Then there was the case of Edward McSweeney. Although McSweeney had been dismissed by Roosevelt, controversy still surrounded him. Williams and McSweeney overlapped for three days at the end of April, enough time for the streetwise McSweeney to sell his library of books and periodicals to Williams for the exorbitant price of $100. When Williams took office, not only was the entire service at Ellis Island a mess—from the quality of the inspectors to the quality of the food to the cleanliness of the buildings—but the records and files were also in disarray.

McSweeney had asked Williams if he could store five large boxes at Ellis Island until he could bring them up to Boston, where he was moving. The boxes, he told Williams, contained personal papers and materials. When someone told Williams that McSweeney had placed official documents in the boxes, he referred the matter to his superiors, who then dispatched a Secret Service investigator to New York.

The agent opened the boxes and found inside thousands of documents—4,292 to be exact—relating to official work at Ellis Island. There were letters, special reports, and minutes of boards of special inquiry. When McSweeney wrote to Williams in August asking him to forward the boxes to Boston, he was informed they were being held by order of the secretary of the Treasury. Williams did pack up two small boxes of personal items from the larger boxes and shipped them to Boston.

In addition to the five large boxes, Williams was told that McSweeney had ordered a large cedar chest made at government expense.
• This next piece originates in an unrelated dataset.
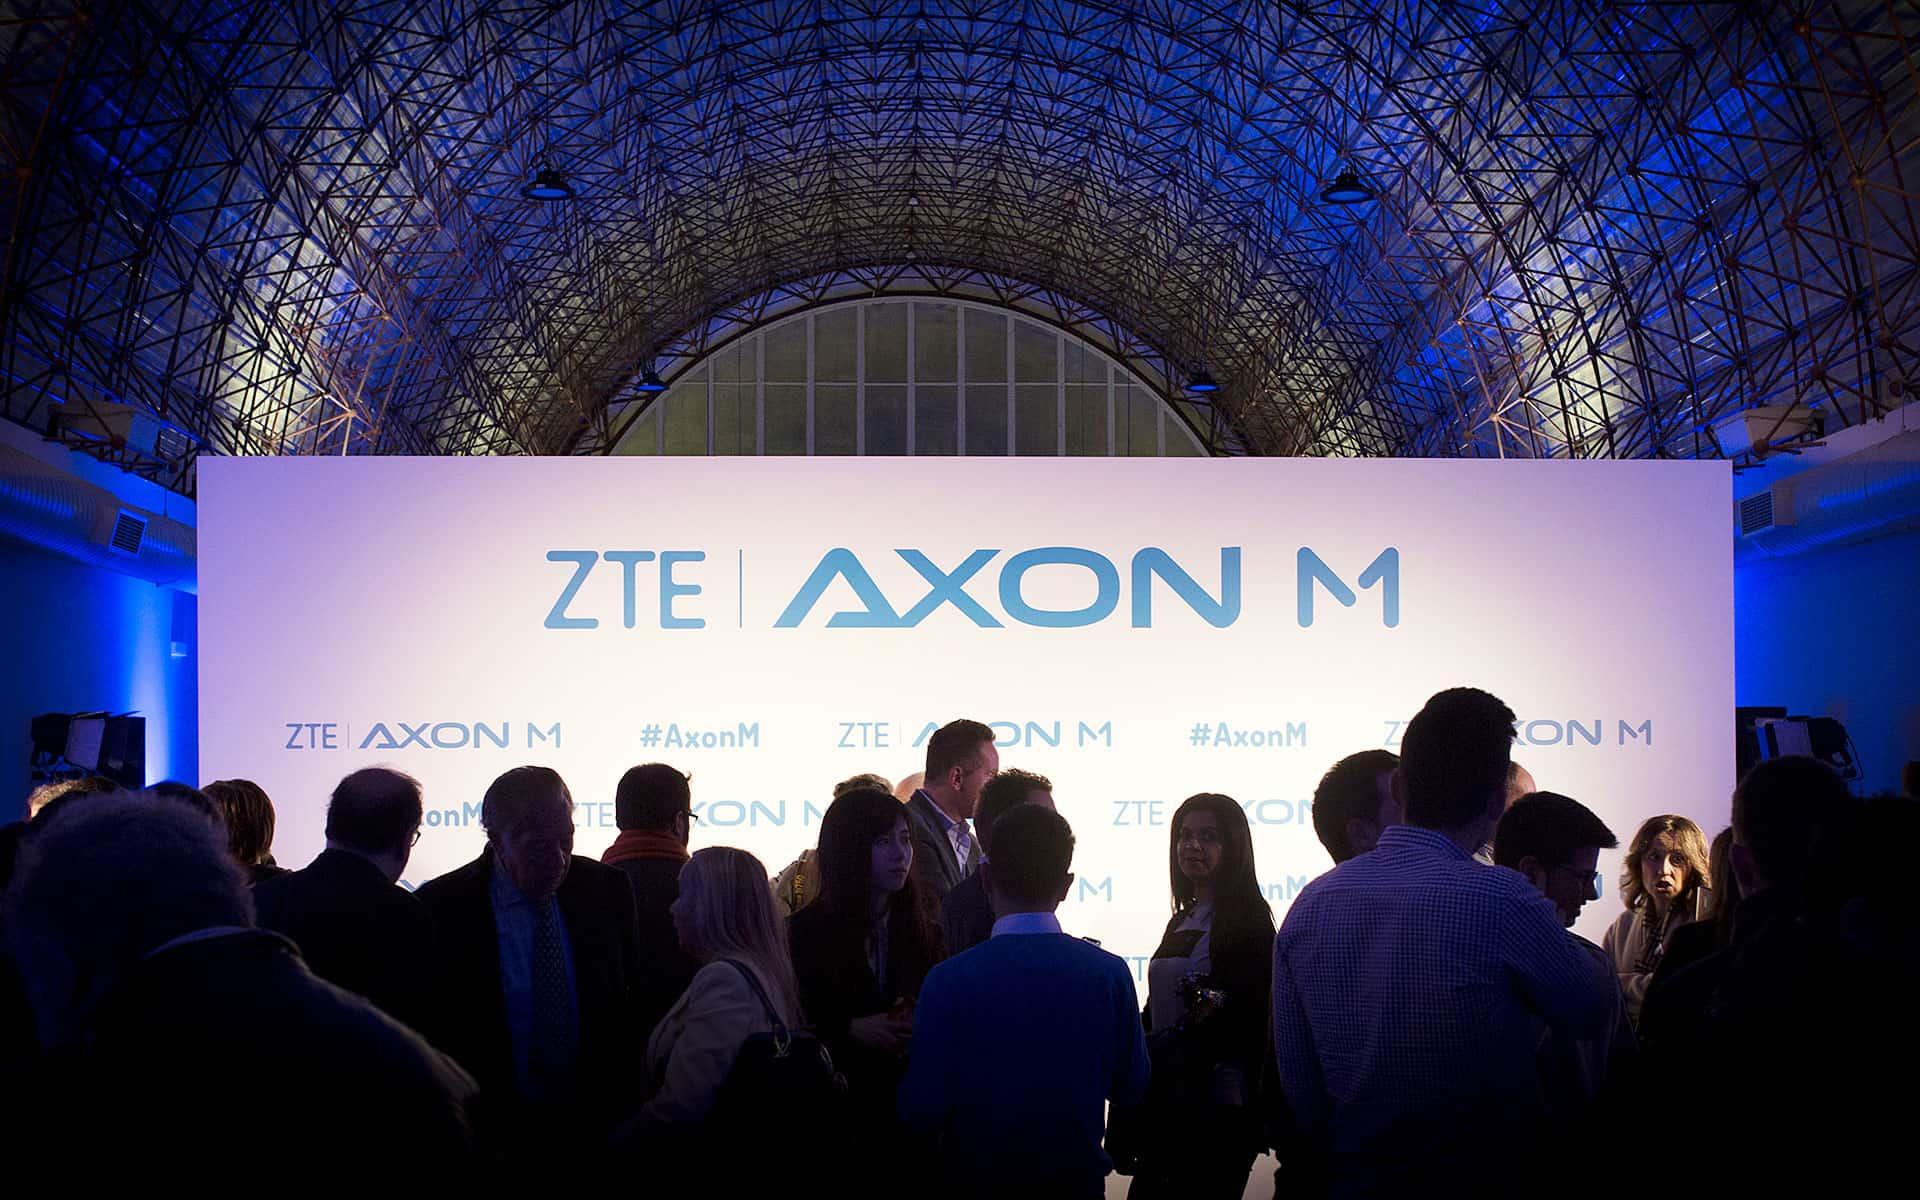 Agencia COONIC   Presentación AXON M 2018 DE ZTE   Salas MEEU

A Secret Service agent managed to track down the box to a storage facility in Manhattan, but could not open it. Government officials asked McSweeney, through his lawyers, to open the box. After some days of stalling, government officials were allowed to open the chest and found only bed linens. Clearly the chest had been cleaned out. While the original contents of the cedar chest will forever remain a mystery, William Williams made certain to keep a record of what was found in the boxes held at Ellis Island.

According to Williams, McSweeney was in a state of mental anguish when he discovered that the boxes had been opened. One reason was the strange accusation that emerged from those boxes concerning the case of two teenage girls. The Eloy sisters had been caught showing a “filthy and obscene photograph” to other immigrants awaiting inspection. The girls were then brought before McSweeney, who allowed the girls to land. McSweeney later told investigators that the photo in question had mysteriously disappeared. However, all of the material relating to the case, including the photo, was carefully filed away by McSweeney in a small manila folder marked “Eloy girls.”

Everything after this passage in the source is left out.